What implicit social expectations affect you financially? Are you in a practice area where the appearance of wealth is important? Does driving between multiple courts increase your car expenses? Financial peer pressure, masked as the “cost of doing business,” can quickly balloon expenses.
What Is the Analysis of Your Financial Situation?
Thus far, you’ve connected the facts to the issues and controlling rules. Your next goal is to research the advantages of different models like 50%30%20%, zero-based, cash-only, snowball, reverse, traditional, pay-yourself-first, values-based, continuous, or priorities-based budgeting.
These techniques can help you decrease spending, repay debt, or increase savings. However, the elements of each budget style vary greatly. Some styles are highly time- and effort-intensive, while others are simple divisions of cost. Are you looking to change some bad habits or your whole lifestyle? Your analysis should match your financial reality with future goals.
What Is Your Budget Conclusion?
State your budget conclusion for each issue. There is no right or wrong answer.
If the issue is unnecessary expenses, evidenced by multiple late fees and high interest under the credit card policy, you may conclude that priority-based budgeting is ideal. On the other hand, snowball budgeting may be best if the issue includes multiple credit card balances.

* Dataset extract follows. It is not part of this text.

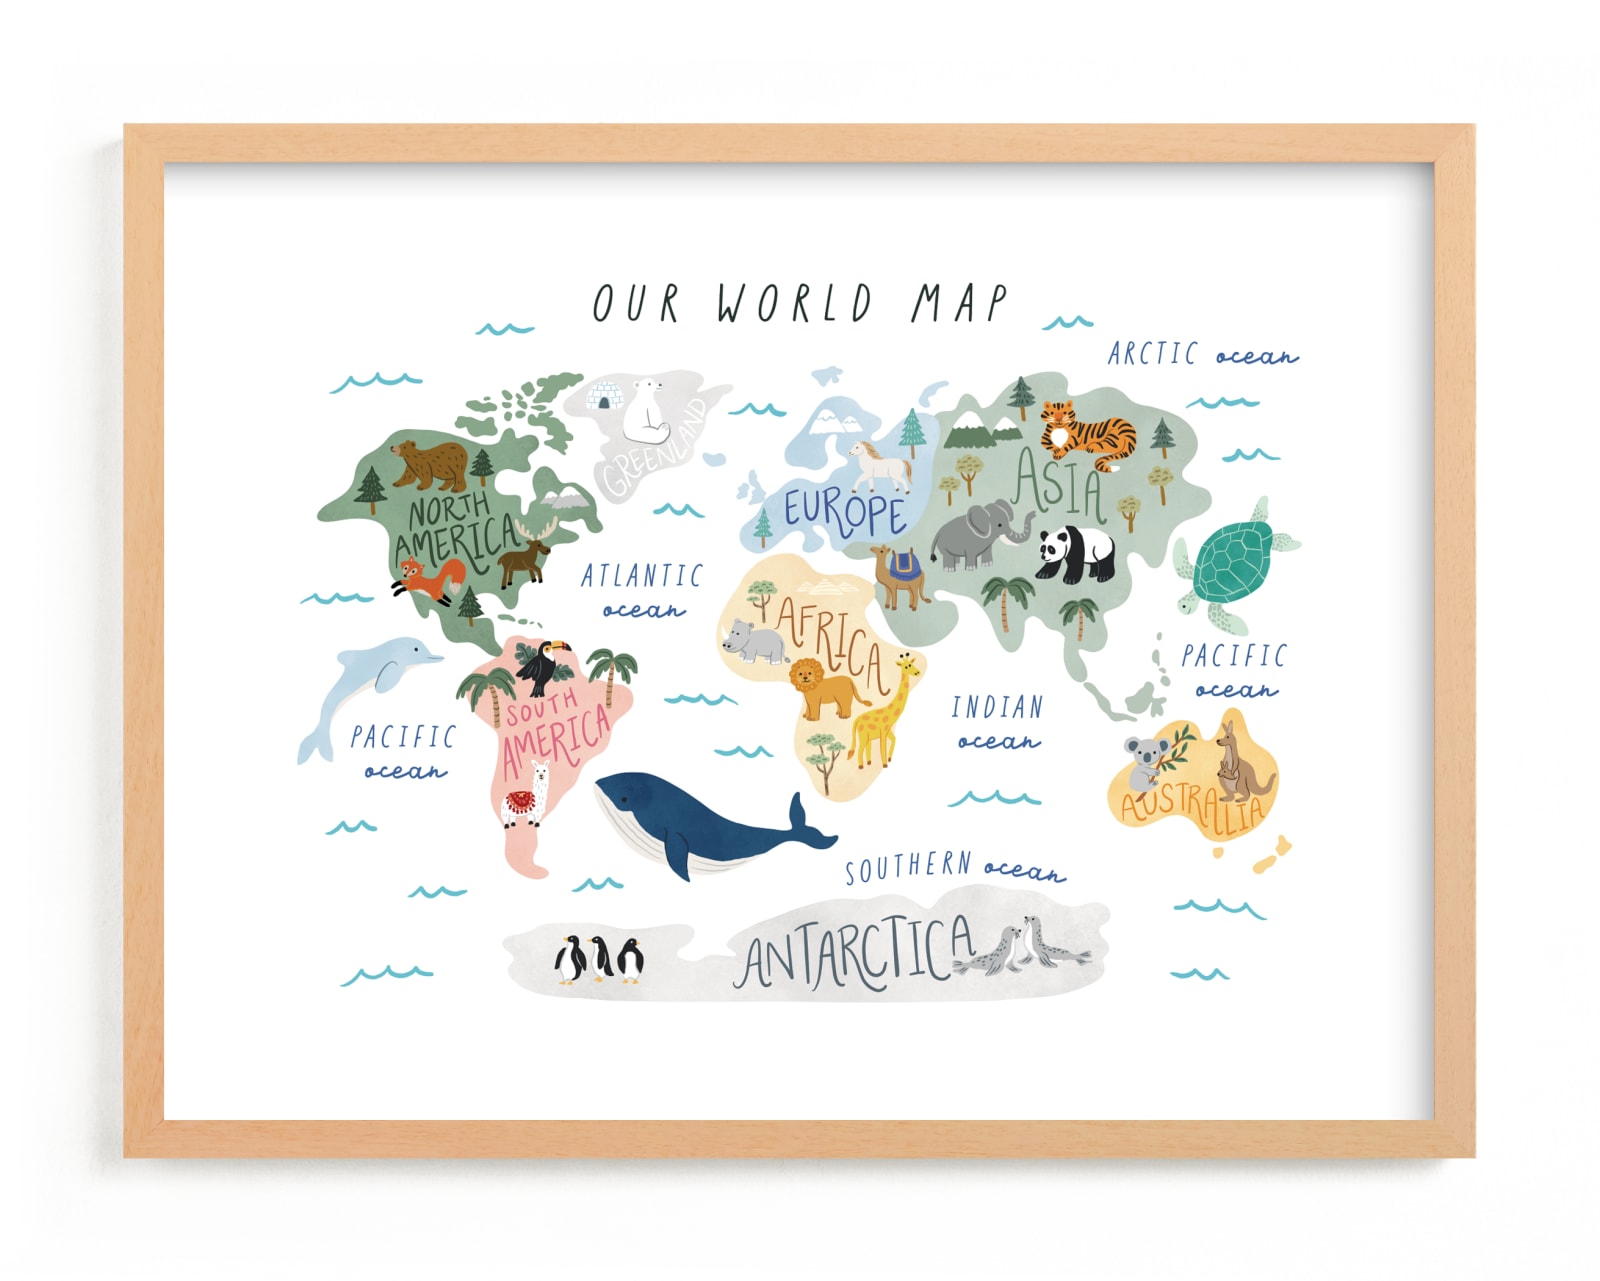 Our World Map by Elly

Perhaps you’re anxious about anemic savings and no rainy-day fund. If the facts indicate multiple video streaming services and frequent dinners out, you may choose the 50%/30%/20% or the pay-yourself-first model to prioritize your savings before spending.
Final Thoughts
Do you manage your money, or does your money manage you? Financial self-awareness is an iterative and recursive process that takes time and revision. Start with one issue but invest in the process as you reframe your thinking. You’re not cutting out fun; you’re behaving smarter as you spend, save, borrow, and plan your financial well-being.